Share your dilemmas and get honest opinions from other Mumsnetters.

Will relocating solve our problems? Or just create new ones...

109 replies

RainbowRuby · 14/03/2023 13:07

My partner moved here from the US in 2010 – we met shortly after and married. He never really adjusted to London or the UK, he feels lonely, like an outsider and all in all hopeless. On the face of it, our lives have progressed very well after a lot of struggle. Slowly moved up the ladder in our careers (after a lot of setbacks), managed to buy a flat in London, two gorgeous healthy kids and our latest ‘success’ has been moving out to a commuter town outside of London to our dream house, with great schools. However, behind closed doors, my partner’s feeling of loneliness and being a misfit in the UK has never eased and also recently been exacerbated by a highly toxic work environment. Now that all the visible ‘challenges’ are behind us – getting a house, moving up in our careers etc, this remains the elephant in the room that is getting harder to avoid. His depression (he is on medication/CBT) is getting worse. We/he have tried for years to move back to the US – but for some reason or the other it just hasn’t worked out. His desperation is heart-breaking. He doesn’t want to quit his job and just go to the US to look for a job (reasons being he is not comfortable with the financial instability that would bring), he has tried for years to secure a job from here but it seems to fizzle out in the last round (which has really damaged his self-confidence as well) and he feels we are too far deep in (have a house, both of us working, my parents live nearby). I feel so stuck – I want to ask him to quit his job and just go and we well follow. Am I being naïve to think if we move to a place where he feels he ‘belongs’ his mental health will improve? That we can just go out on a whim and find jobs and restart our lives at the age of 40? Our kids are 5 and 8.

OP posts:
RoseslnTheHospital · 14/03/2023 14:08

What does "living a lie" even mean though? Are those his words?

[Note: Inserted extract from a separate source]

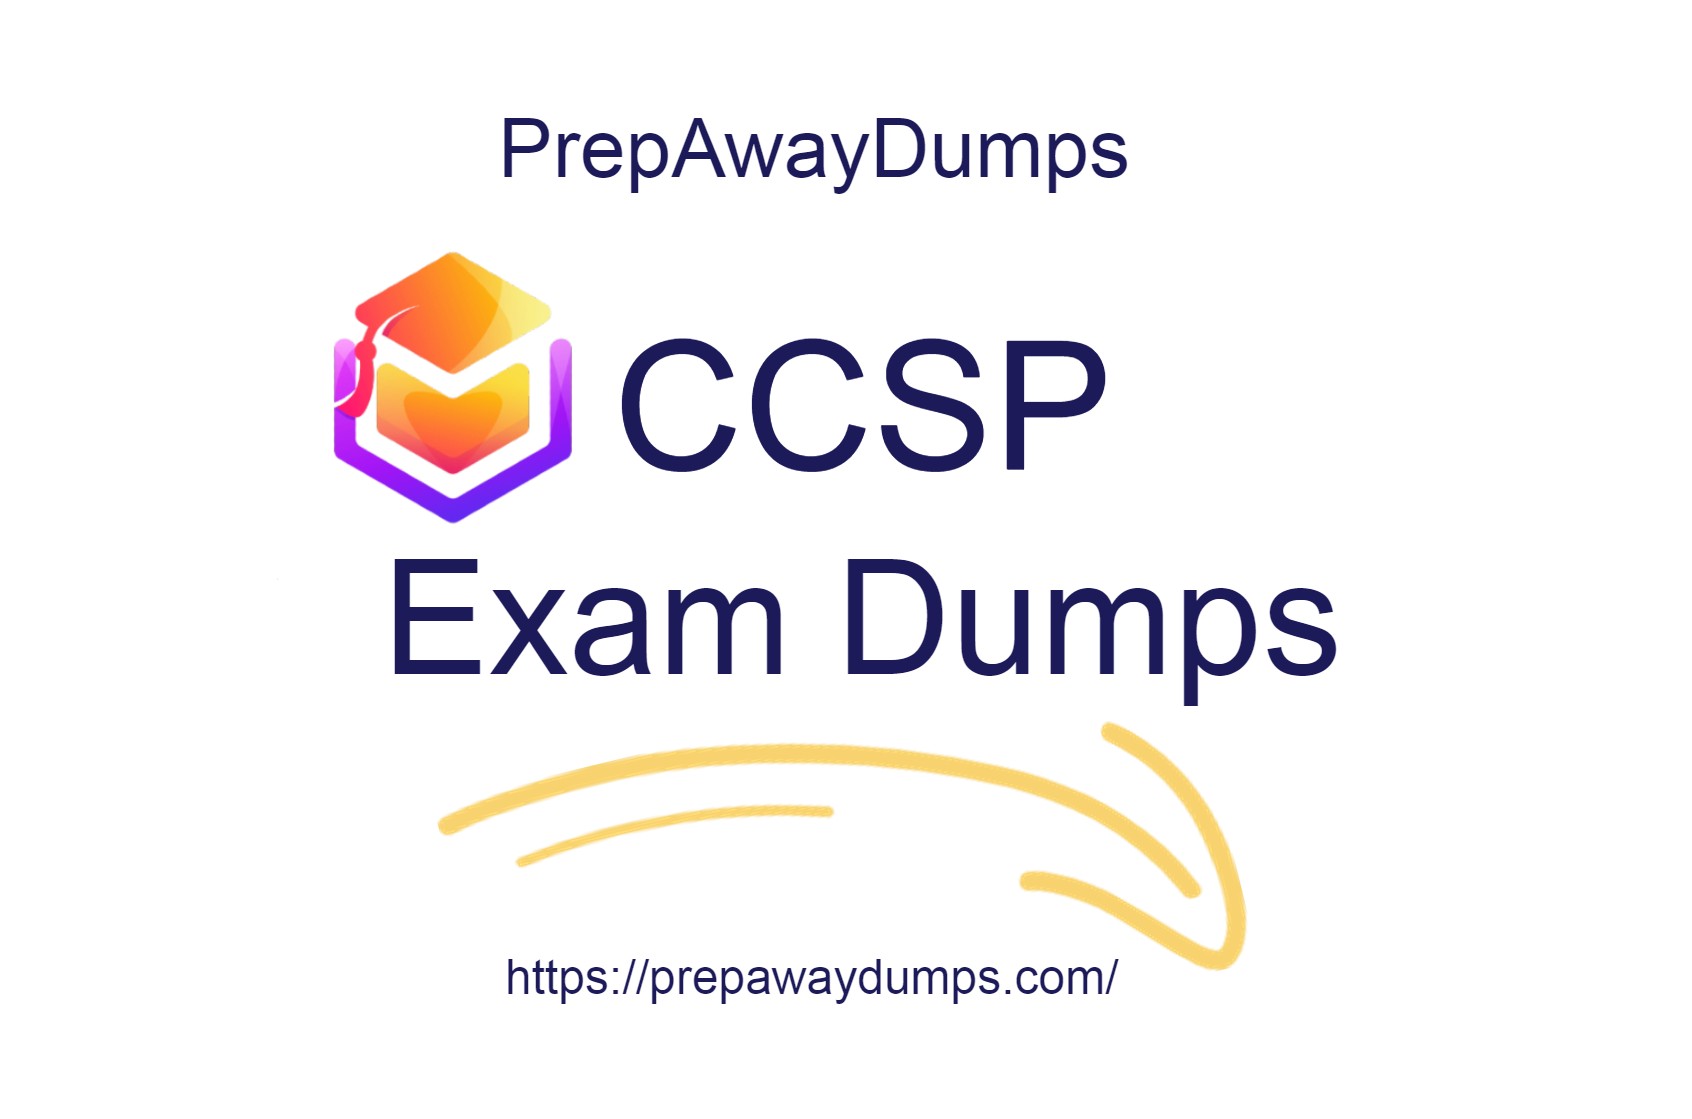 CCSP Exam Dumps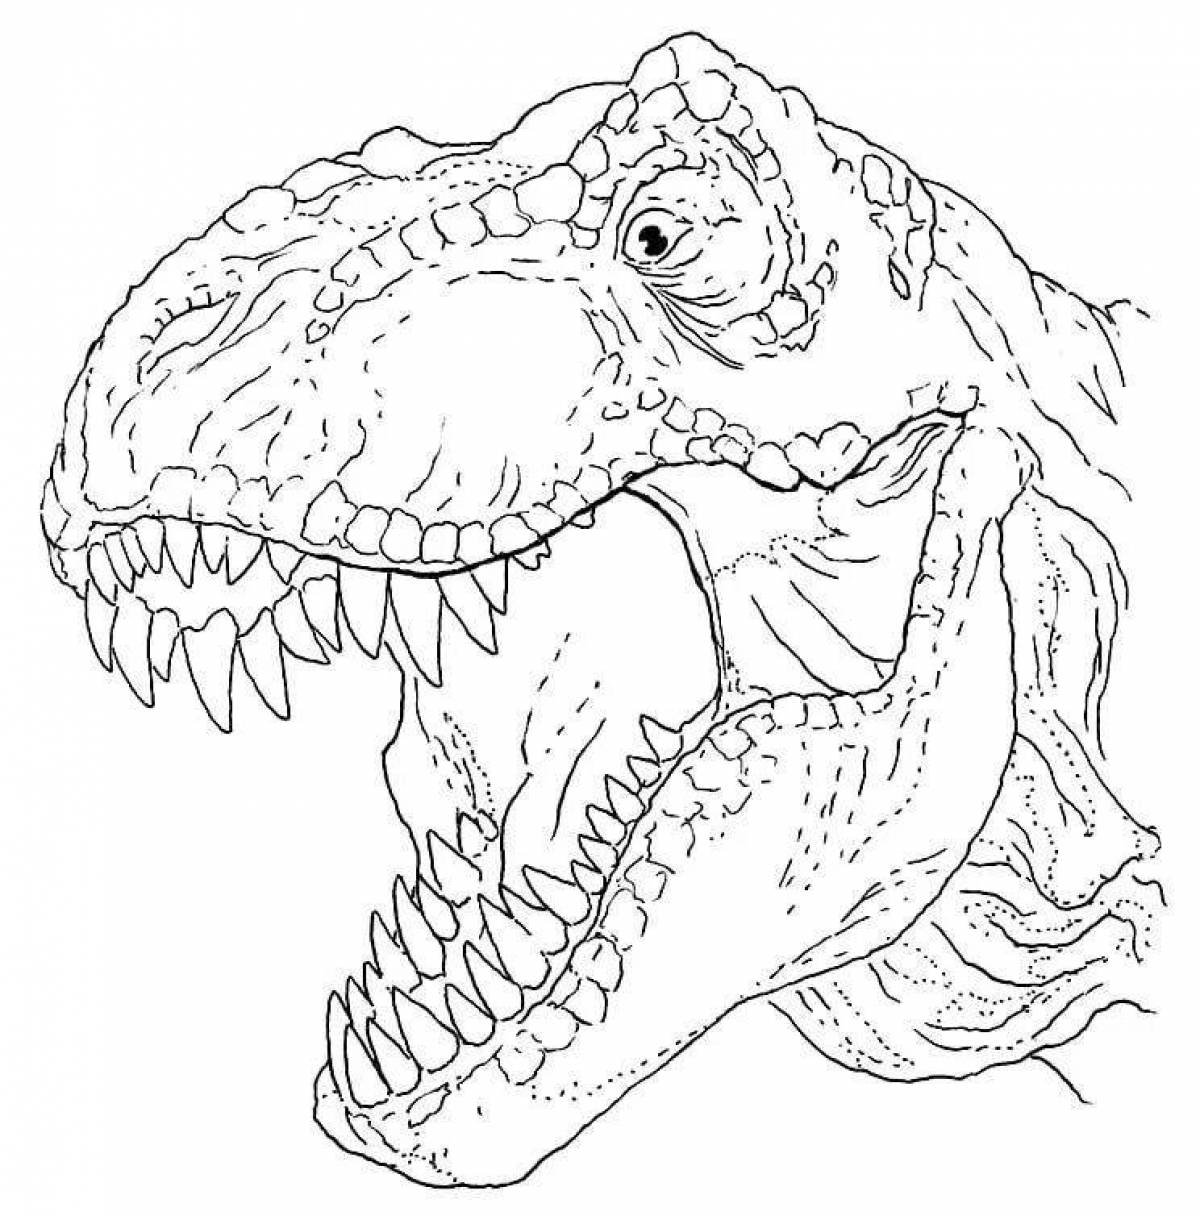 Fun coloring tarbosaurus forward

It's very sad that he doesn't find any joy, happiness or even contentment in his children or in his relationship with you! Wherever you happen to be at the moment.

sorcerersapprentice · 14/03/2023 14:08

It feels like you're not part of a community or don't seem to be part of a group of friends here. Do you have a network around you? A church/religion or community group or hobby? That might help with your feeling of isolation.
I don't think moving will help if that's the case. You'll have to start from scratch again. Could you work on engaging more with your local community? Both you and your DCs could see the benefits of this. It sounds like you've got in a rut

illiterato · 14/03/2023 14:10

I moved back to the UK from Asia last year, having spent 12 years there. Overall it's been positive and I didnt exactly idealise the UK, but my perception of what my life would be like back here was way off. It's as though in imagining life back in then UK, my brain couldn't compute that since I left I'd had 2 kids and so have most of my friends, plus the tight little London gan is now spread out all over the home counties and beyond. I dont even live in London anymore. The carefree, early 30's DINKY lifestyle in the riverside apartment with only myself to worry about is firmly past tense. To be clear, I KNEW this wouldn't be what it was like but my "emotional brain" believed it would be and longed for it. Not sure if that makes sense. So I see where your DH is coming from, but he needs to really understand what he's going back to.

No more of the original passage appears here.